_Required work:_ Copy exactly, and only, the lines from the one with "kembarshop - PLUS" to the end of the listing; omit pictures.

_Material provided:_
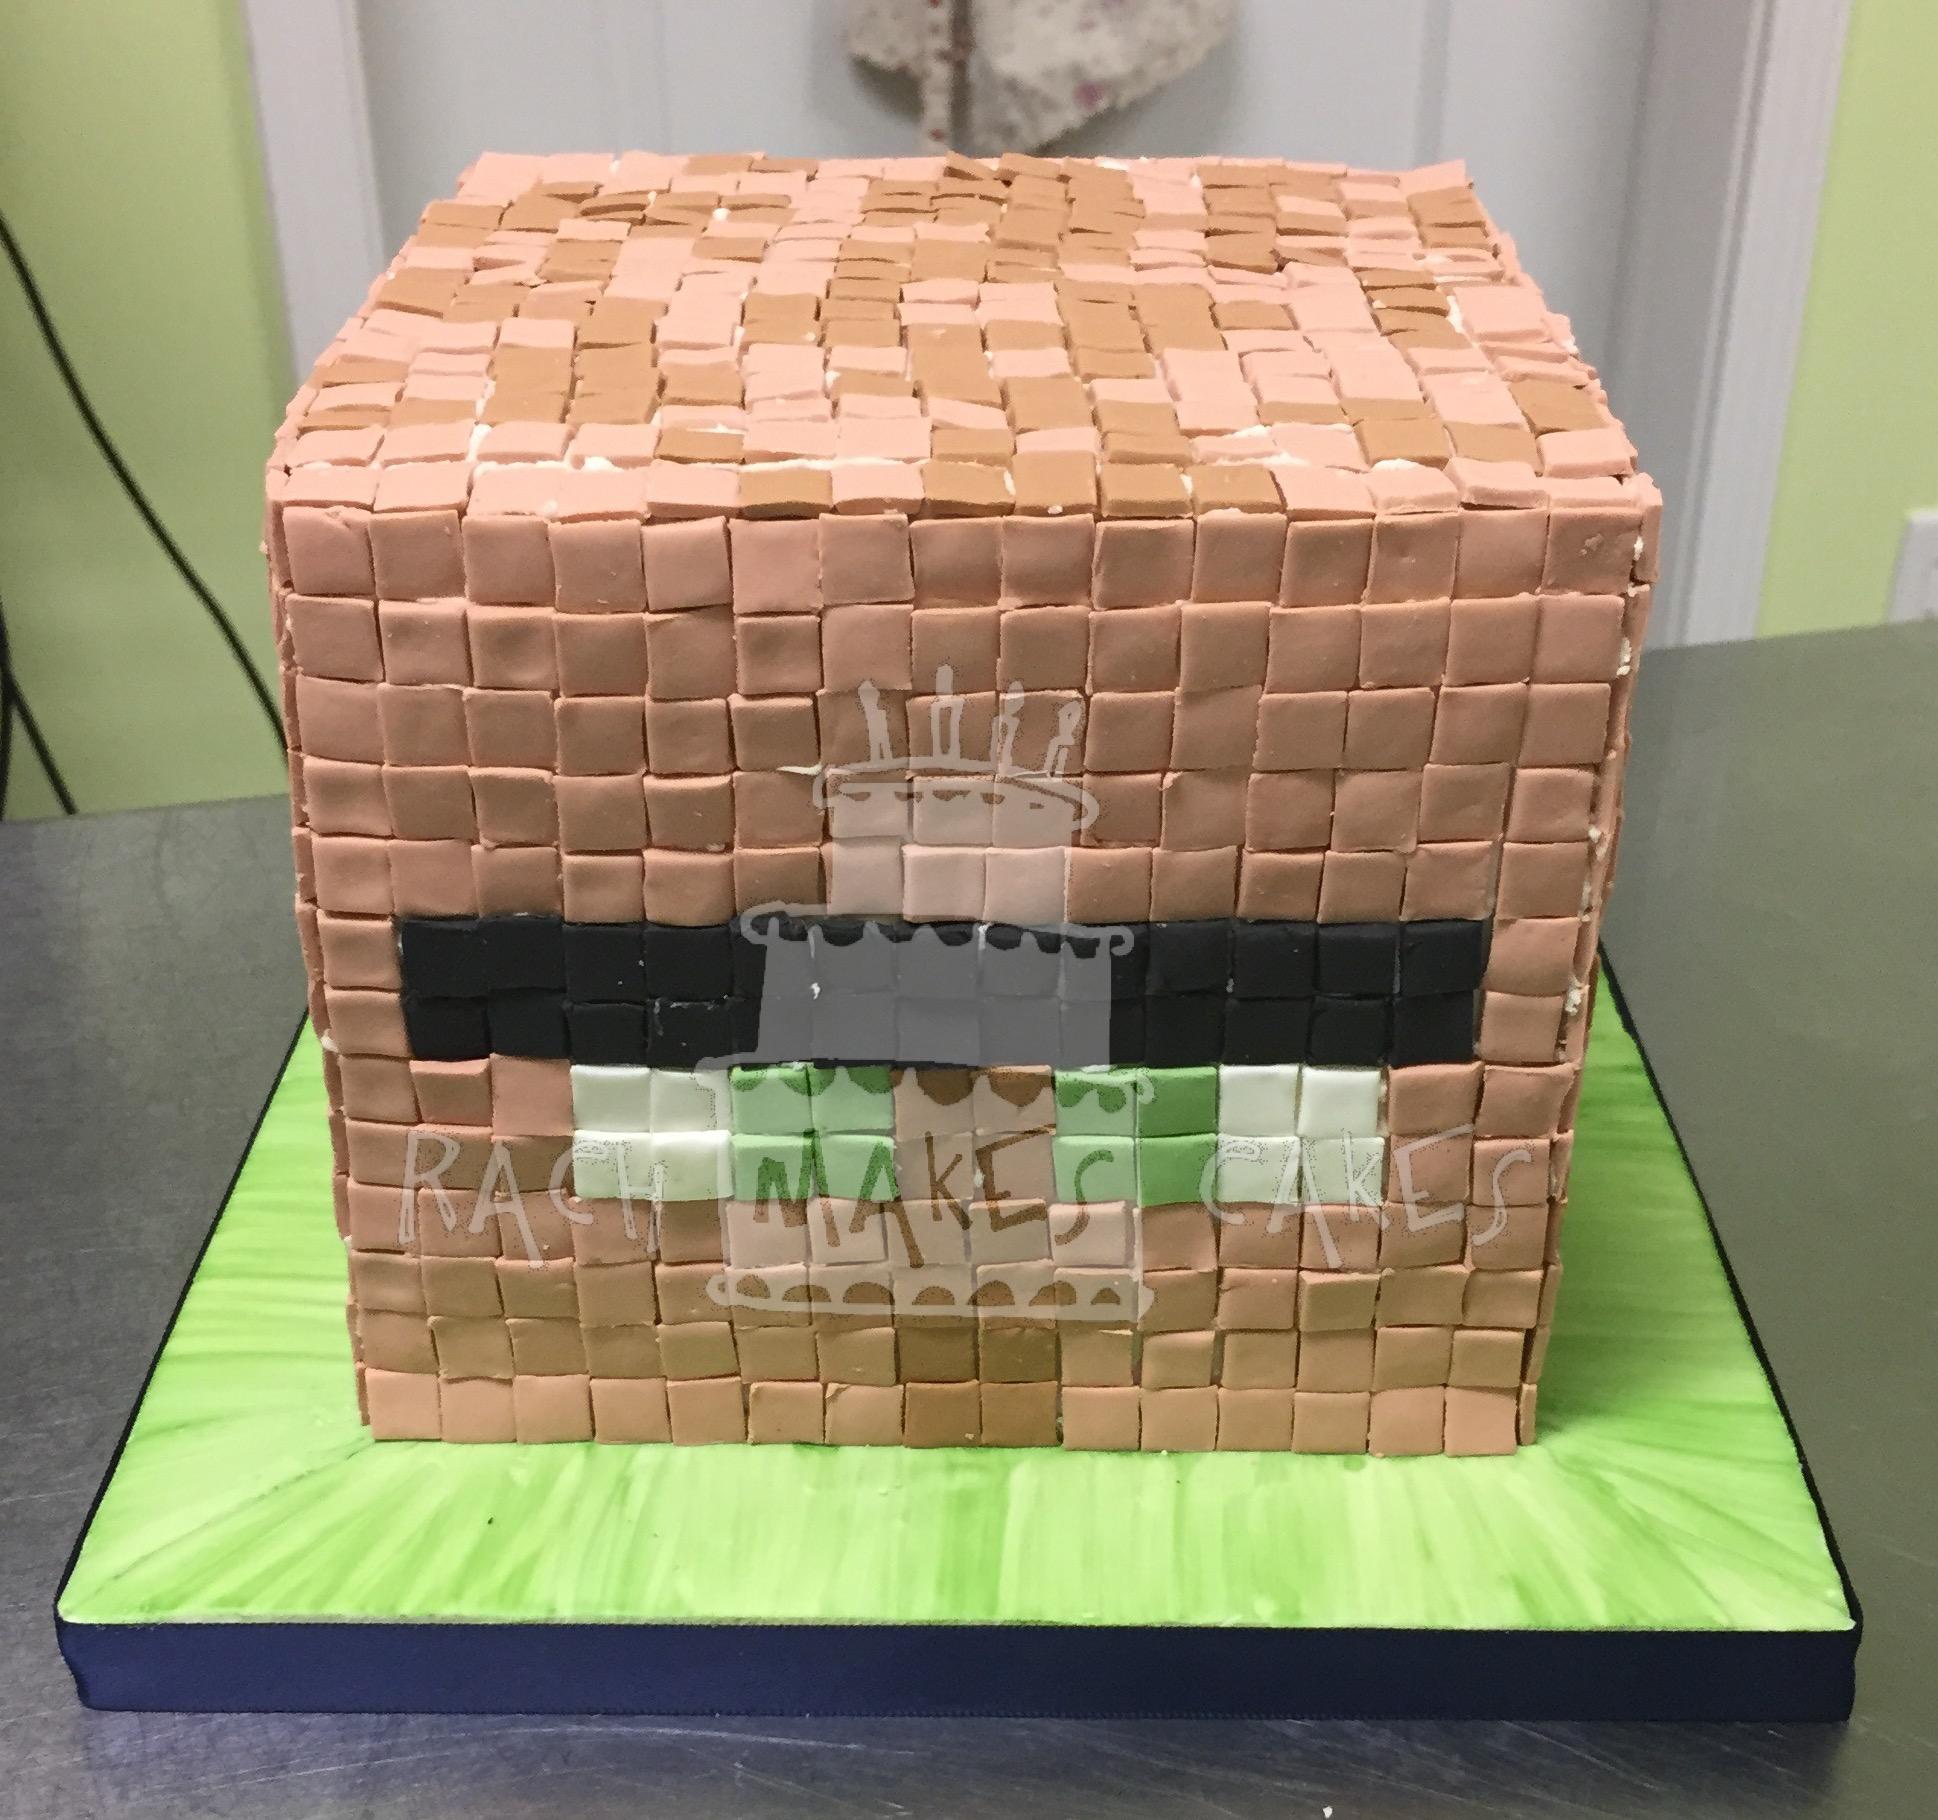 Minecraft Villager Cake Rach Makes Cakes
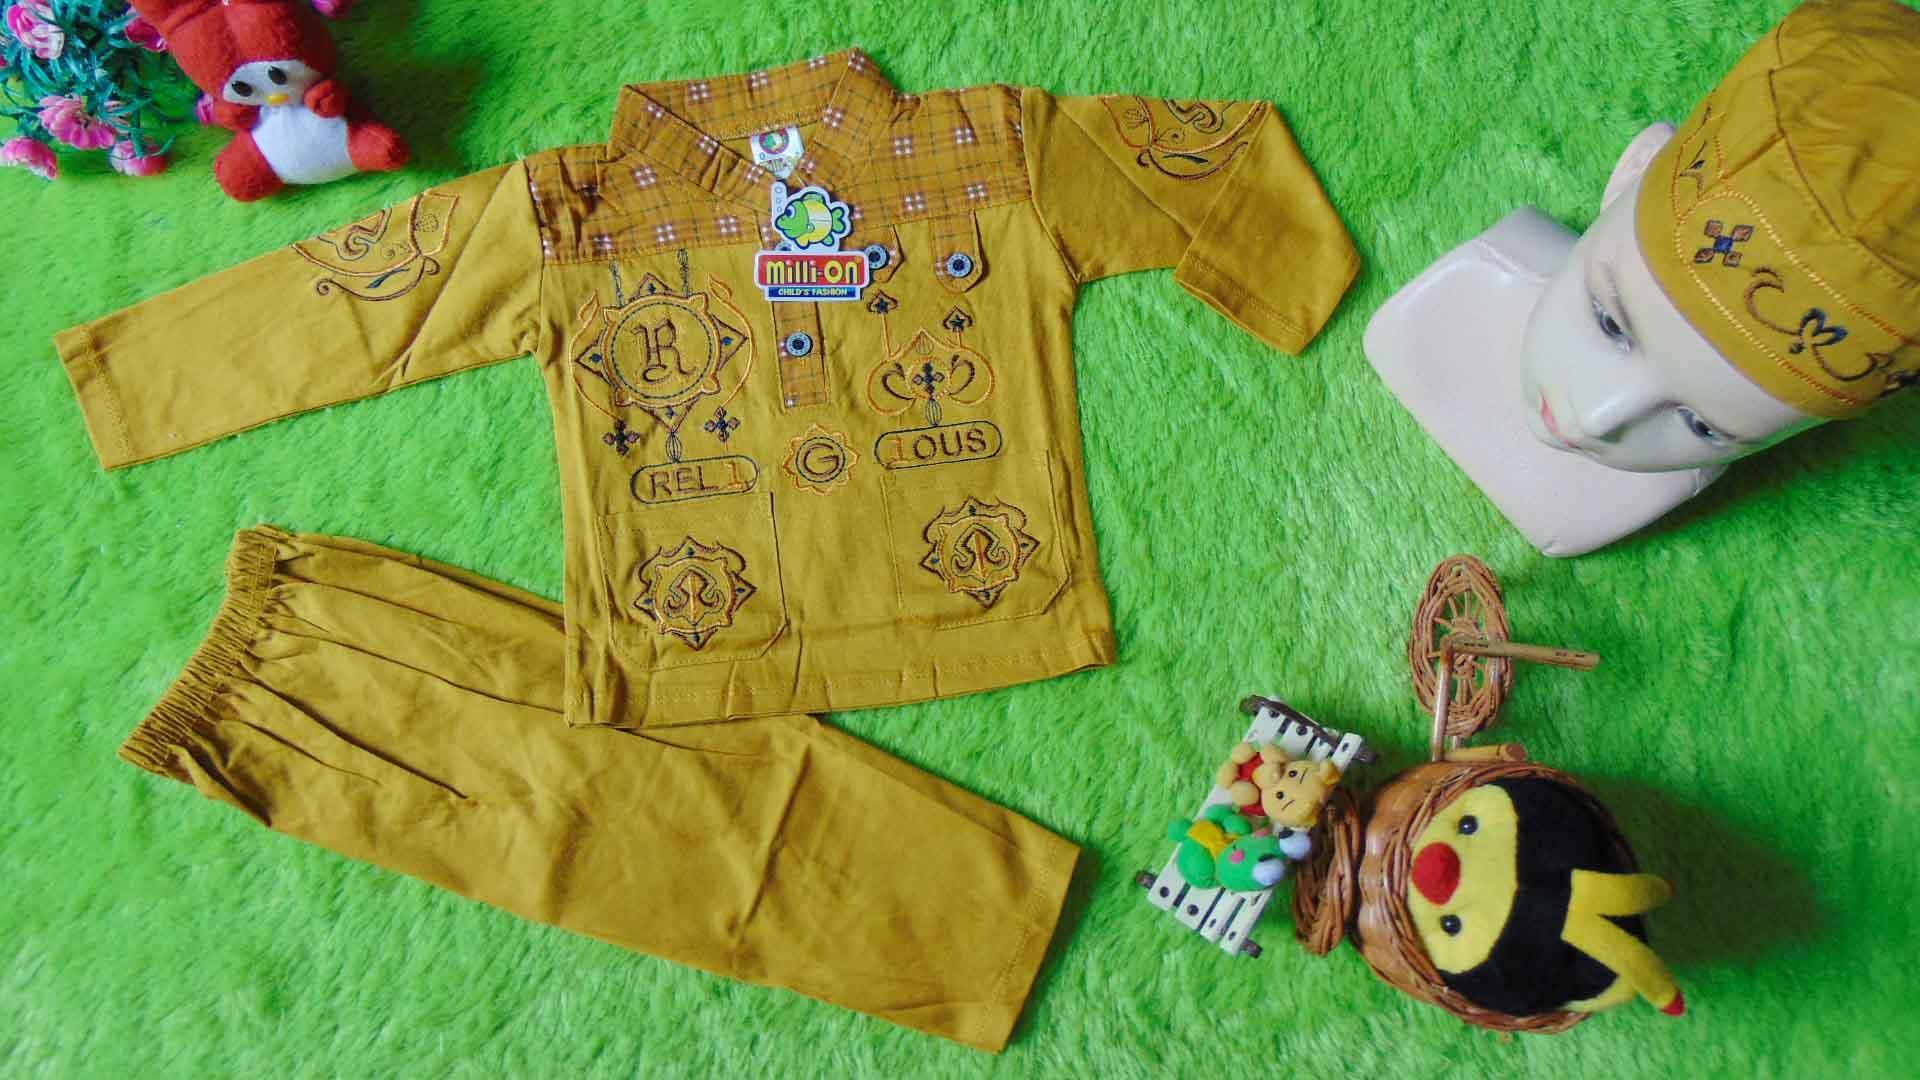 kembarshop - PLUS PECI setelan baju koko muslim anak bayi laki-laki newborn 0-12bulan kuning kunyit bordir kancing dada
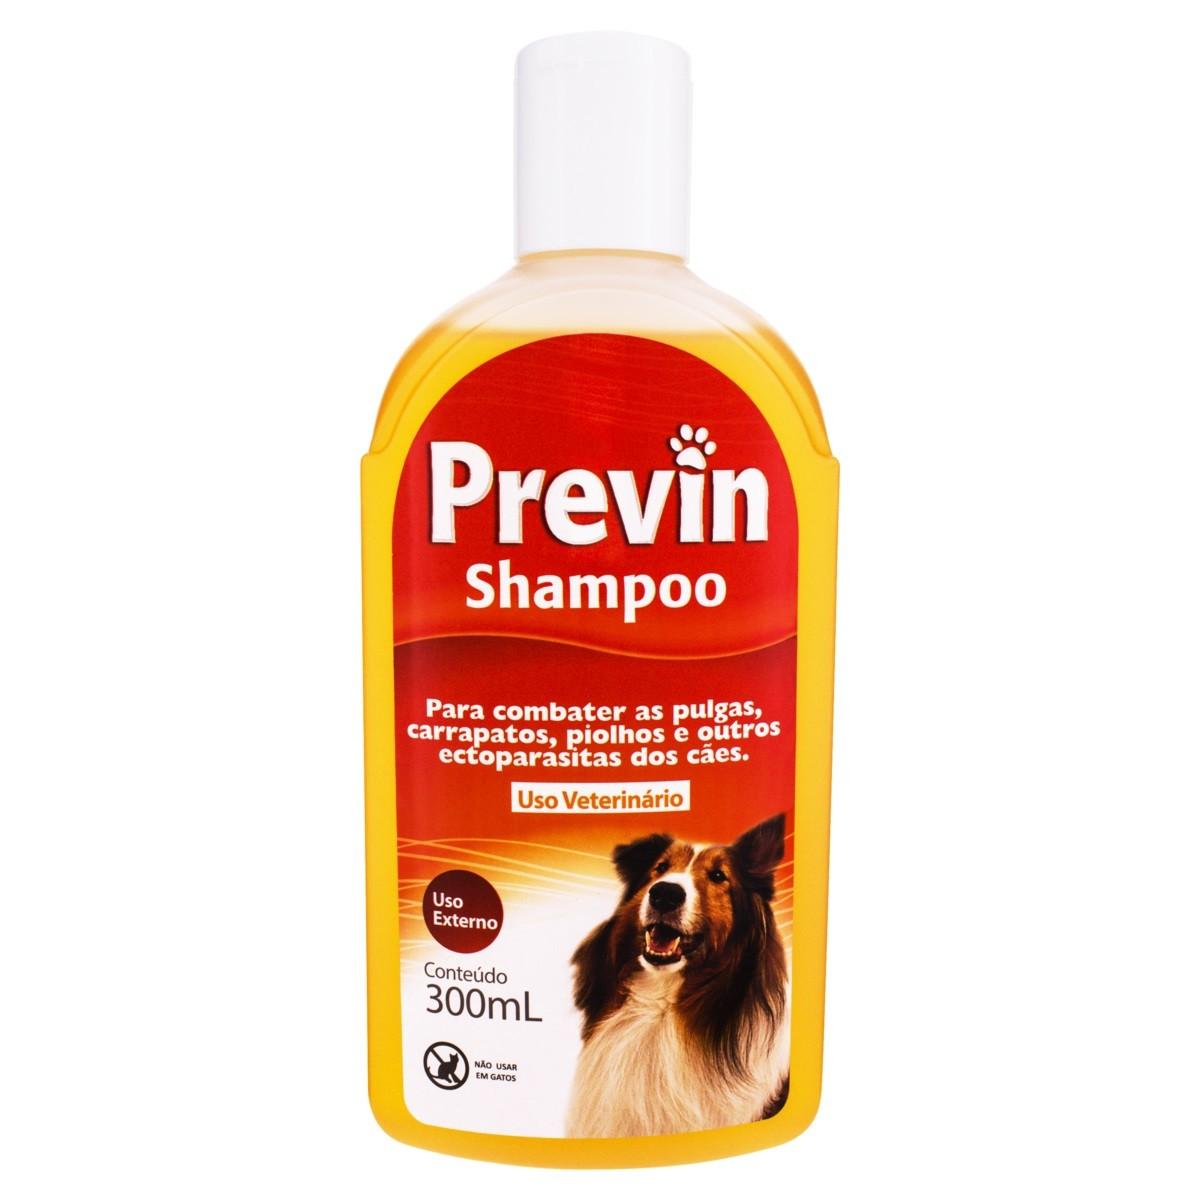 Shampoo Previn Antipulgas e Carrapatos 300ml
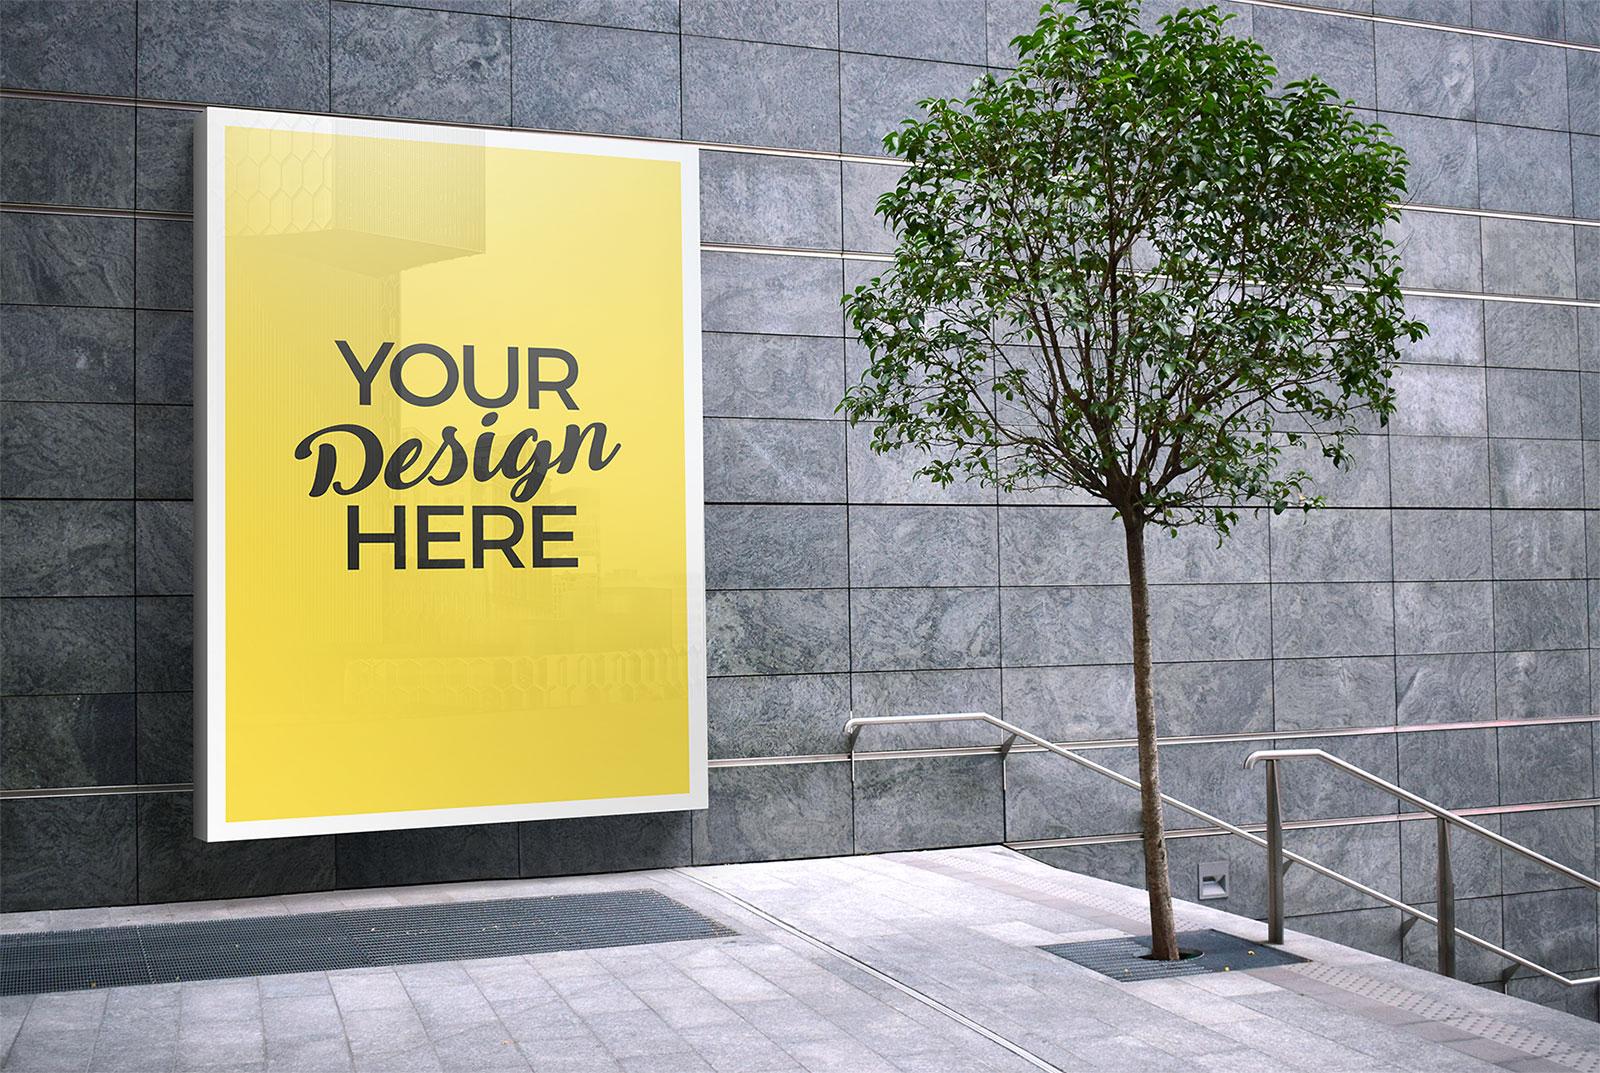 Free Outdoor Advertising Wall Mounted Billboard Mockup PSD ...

_Output:_
 kembarshop - PLUS PECI setelan baju koko muslim anak bayi laki-laki newborn 0-12bulan kuning kunyit bordir kancing dada
 Shampoo Previn Antipulgas e Carrapatos 300ml
 Free Outdoor Advertising Wall Mounted Billboard Mockup PSD ...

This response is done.